昔は灯りがないですから、舞台で怪談話をするときは障子をしめて、
太陽の光を少し薄暗くしていたんだろうね。
夕方になると障子や幕を少しあげたりすることで、灯りの調整もできたし、困ることはなかった。
ほんと、各地にそういう文化があってみんな同じようにやっているんですよ。
ちょっと話がずれますけれど、宝塚歌劇団と同じかもしれませんね。
昔、宝塚は屋外で台詞舞台だったんですよ。
夏の蝉の声がうるさくて台詞が遠くまで聞こえないから歌に変えた。
すると舞台の隅々まで届いてお客さんは喜んだ。
知恵ですよ。各地の怪談舞台もそうだったんじゃないかな」
── "怪談"のなかでこれはというお話しありますか?
稲川:「日本の怪談のなかでも"耳無芳一の話"だけは絶品だと思います。
あのお話には有名な歴史が背景にあるじゃないですか。
源平の壇ノ浦の合戦。

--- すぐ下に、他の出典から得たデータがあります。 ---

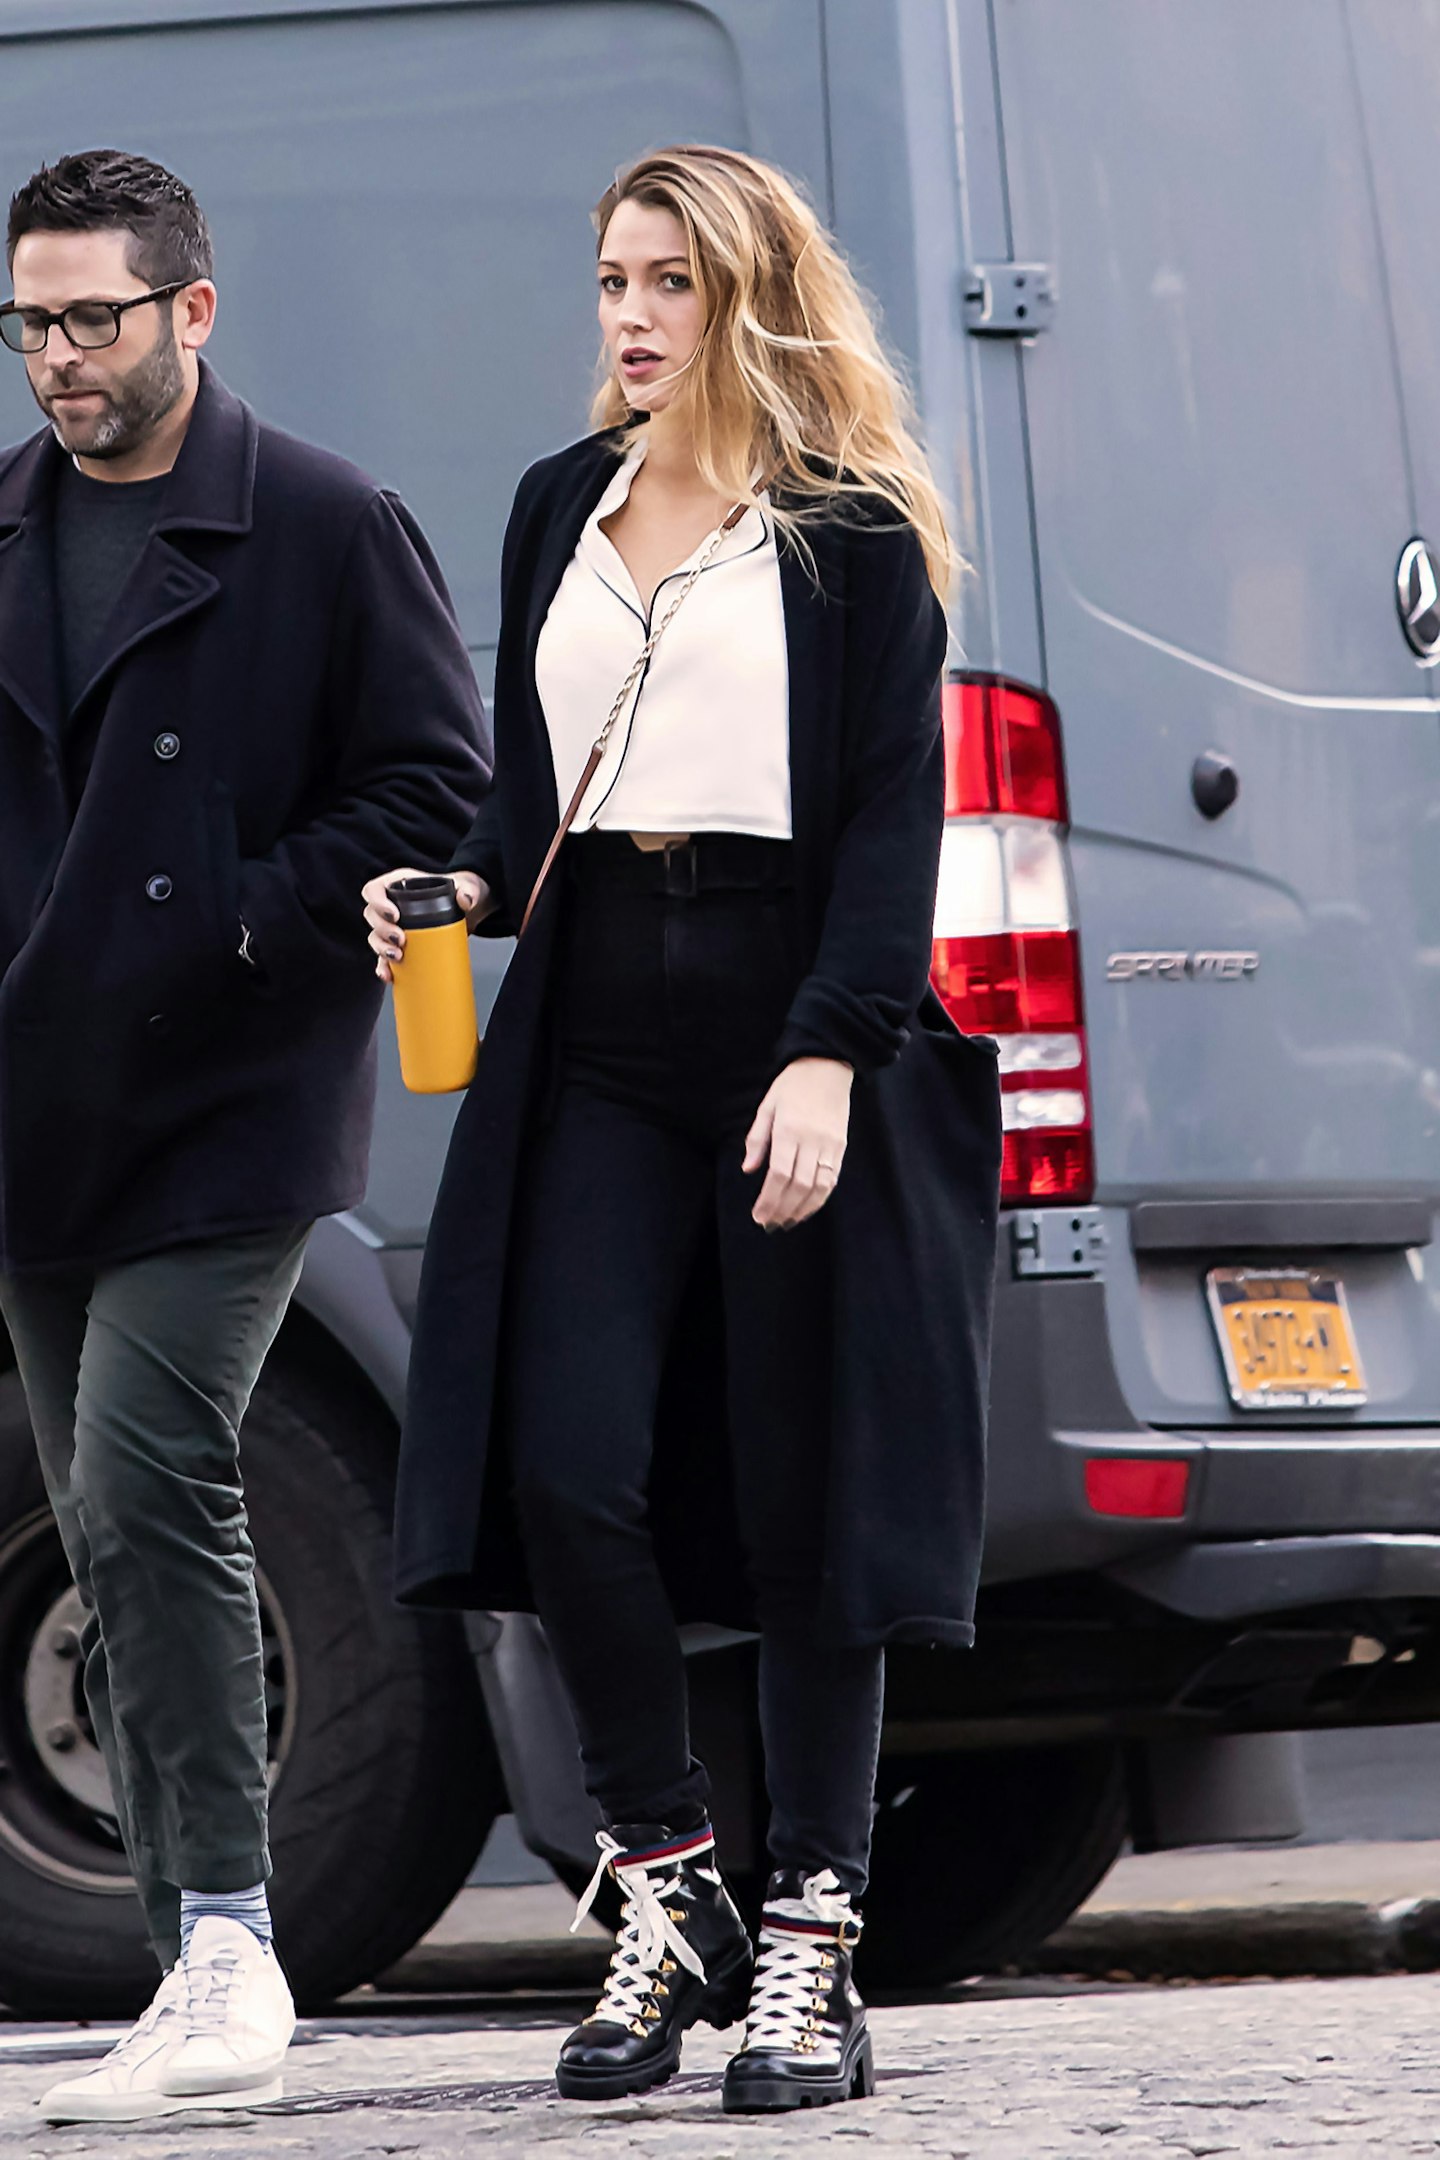 Blake Lively wearing jeans from Reformation
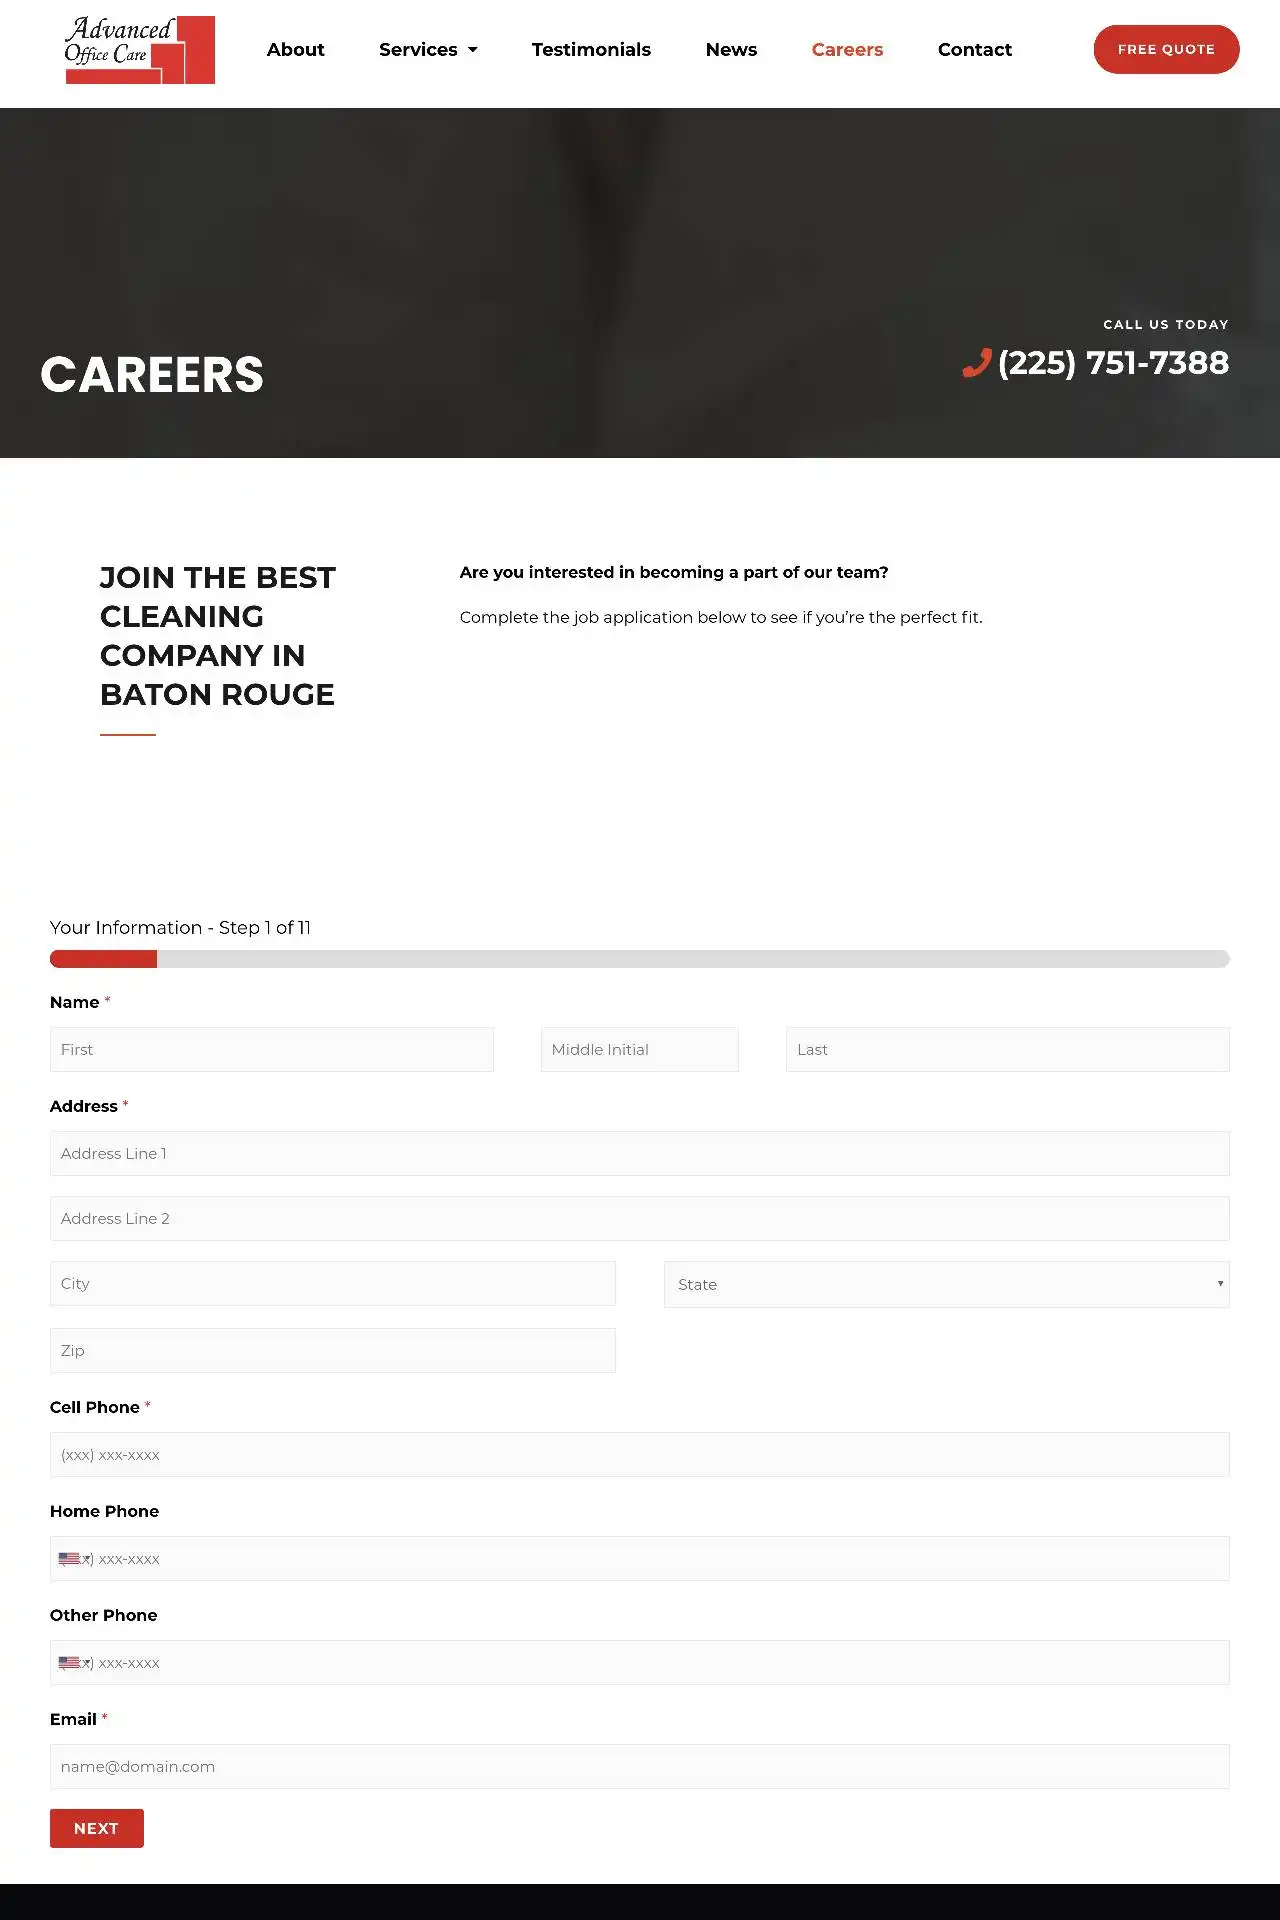 baton rouge cleaning company website design development https aocla.com about careers

実際に大きな悲劇があった。
そんな舞台で芳一の物語は始まるんです。芳一なんてまだ少年僧ですよ。
しかも細く、白い肌で肋骨が見えるような体型。
しかも芳一は目が見えないですよね。
これね、昔からよく言われるシチュエーションなんだけど、
目が見えない、物が見えないことは言い方を変えると女性でも男性でもすごくエロチシズムなんです。
見えないということは手で触らないとわからないということですよね。
触れられるという世界。
しかも芳一は怨霊から逃れるために体に文字、お経を書かれるじゃないですか。
あの行為ってああいう状態が好きな人にとったらたまらないものですよ(笑)。
年のいったお坊さんが若い肌の少年を裸にして、白い肌に墨で字を書くんです。
いやらしい、エロイ世界です。
でも違う意味で表現するならば、美的な世界でもある、エロチシズムがあるんです。」
── おっと"耳無芳一の話"をそういう風に今まで見たことはありませんでした。
稲川:「ははは。それは一部のマニアのお話で、本質の話は、目の見えない芳一が闇のなかで琵琶を弾くでしょう。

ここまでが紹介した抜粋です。